During the incubation with P. putida, the pH is above 8, where Fe does exist at very low concentrations in solution. Siderophores (Figure S4a) produced by P. putida during growth in low-iron conditions solubilize and bind iron, and transport it back into the microbial cell, usually through siderophore specific membrane receptors [52]. In spite of the presence of Fe in the leachate, the Fe extracted remains considerably low (0.73–76 mg/kg) compared with the incubation with A. thiooxidans. The cell growth of P. putida was monitored with the total protein content in the leachate (Figure S4b). In the first two days, the protein content doubles for all pulp densities with a lower protein content for a higher pulp density. P. putida has a high affinity for goethite. The bacterial adhesion increases with K+ concentration and pH (2–7) [77]. Given the fact that goethite is one of the main mineral phases on the tailings studied, adsorption of P. putida on the solids is highly possible, which represents a limitation of its effect in the liquid phase. Other mineral phases that are positively charged or where the electrostatic repulsion force between them and the bacteria is overcome, could adsorb bacteria as well [77]. The lower leachability of the metals (Fe, Cr, Ni, Mn, Al) in the presence of P. putida at 30 g/L, compared to 5 and 10 g/L, suggests an effect of the pulp density on the culture growth.
To establish the role of P. putida in the leachability of fresh chromite tailings, a batch experiment with distilled water at pH 9 (adjusted with 1 N NaOH) was carried out (Figure S3).
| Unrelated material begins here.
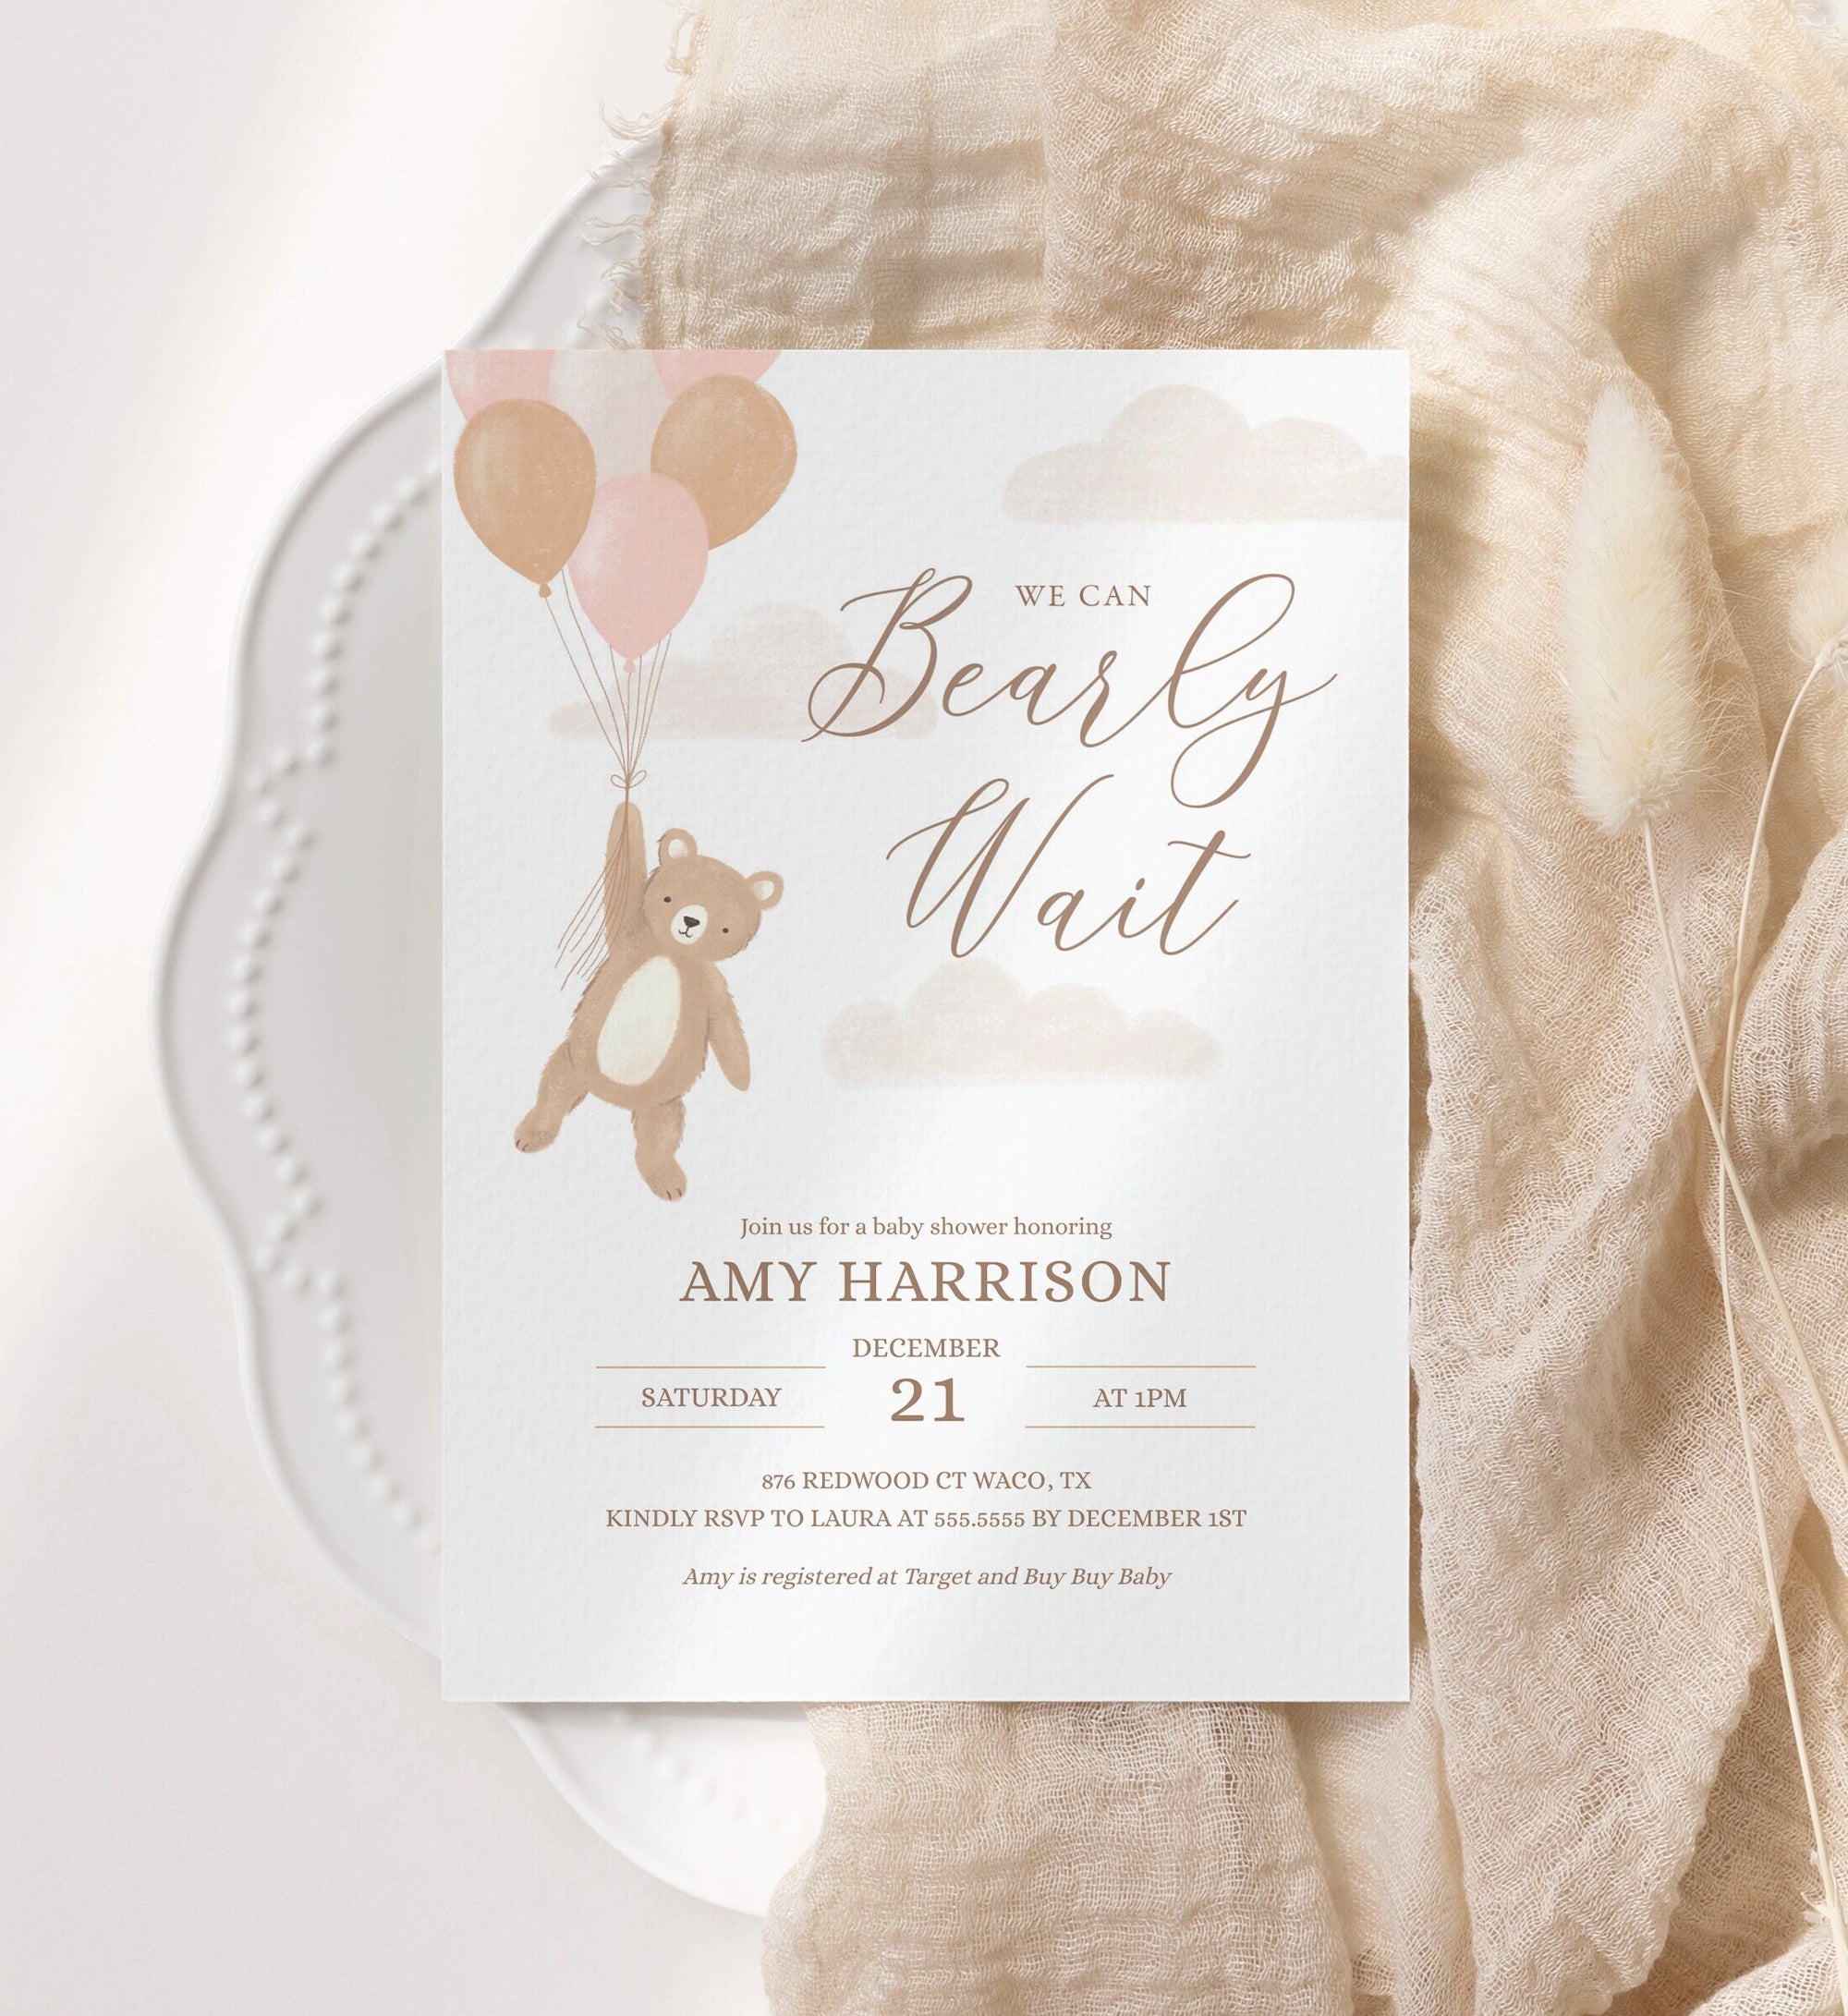 We Can Bearly Wait Baby Shower Invitation, Teddy Bear Balloon Girl Baby Shower Invite, Printable Invitation Template, DIGITAL DOWNLOAD

Total Fe concentration on the leachate of the distilled water at pH 9 reaches 1.4 mg/kg after 262 h of leaching, while in the batch experiment with P. putida, the Fe extracted is higher (3.5 mg/kg) for the same pulp density. For Cr, there is only a 9 mg/kg difference between the extraction with distilled water at pH 9 and the batch experiment with P. putida, being higher for the last one. Reduction of hexavalent chromium by Pseudomonas dechromaticans, isolated from industrial sewage, has been reported, as it uses the chromate or dichromate as a terminal acceptor during anaerobic respiration. Under aerobic conditions, P. fluorescens uses a variety of electron acceptors for chromate reduction [45]. Additionally, microbial metabolite extracellular polymeric substances (EPS) enhance Cr(VI) reduction efficiency and form organo-Cr(III) complexes to protect the cell and chromate reductase from inactivation [78].
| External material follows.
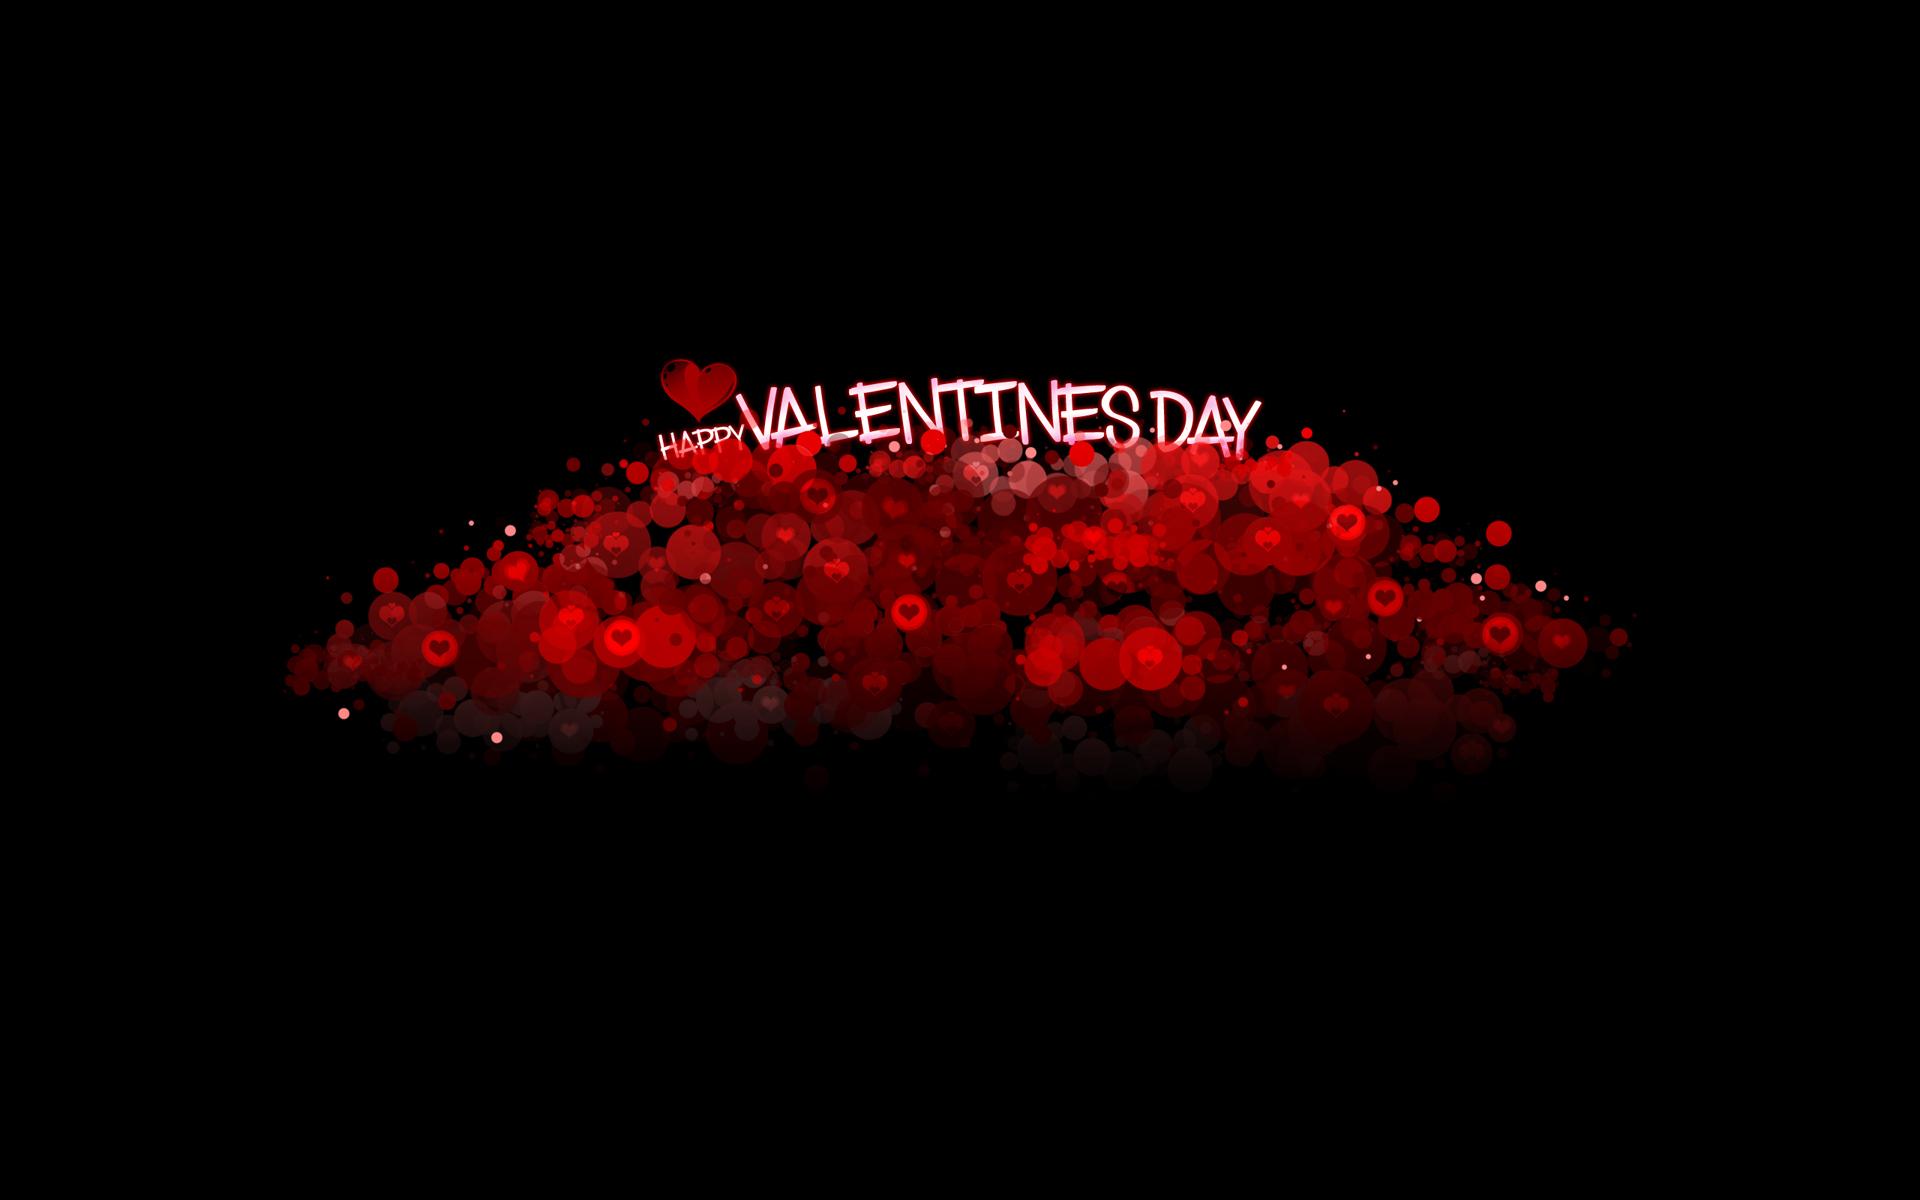 Scary valentines Stock Photos Royalty Free Scary valentines Images   Depositphotos

Nevertheless, the presence of anions such as SO42−, SO32−, MoO42−, VO42−, PO43−, and NO3 affects cellular chromate sensitivity [79]. Given the Cr(VI) reduction mechanisms by Pseudomonas spp. and the decrease of Cr concentration over time during incubation of the fresh tailing sample with P. putida, the reduction of Cr(VI) to Cr(III) is likely to happen [44,45]. Besides, the Cr decrease in the leachate is accompanied by an increase in protein and siderophore content, which ratifies the role of P. putida in Cr(VI) reduction.
Nonliving biomass can also reduce Cr(VI) to Cr(III) through two different mechanisms. In the first case, Cr(VI) is directly reduced to Cr(III) in the aqueous phase by contact with electron-donor groups of the biomass, and the second consists of three steps: (a) binding of anionic Cr(VI) to the positively charged groups on the biomass surface; (b) reduction of Cr(VI) to Cr(III) by adjacent electron-donor groups; and (c) release of the aqueous phase due to electronic repulsion [79].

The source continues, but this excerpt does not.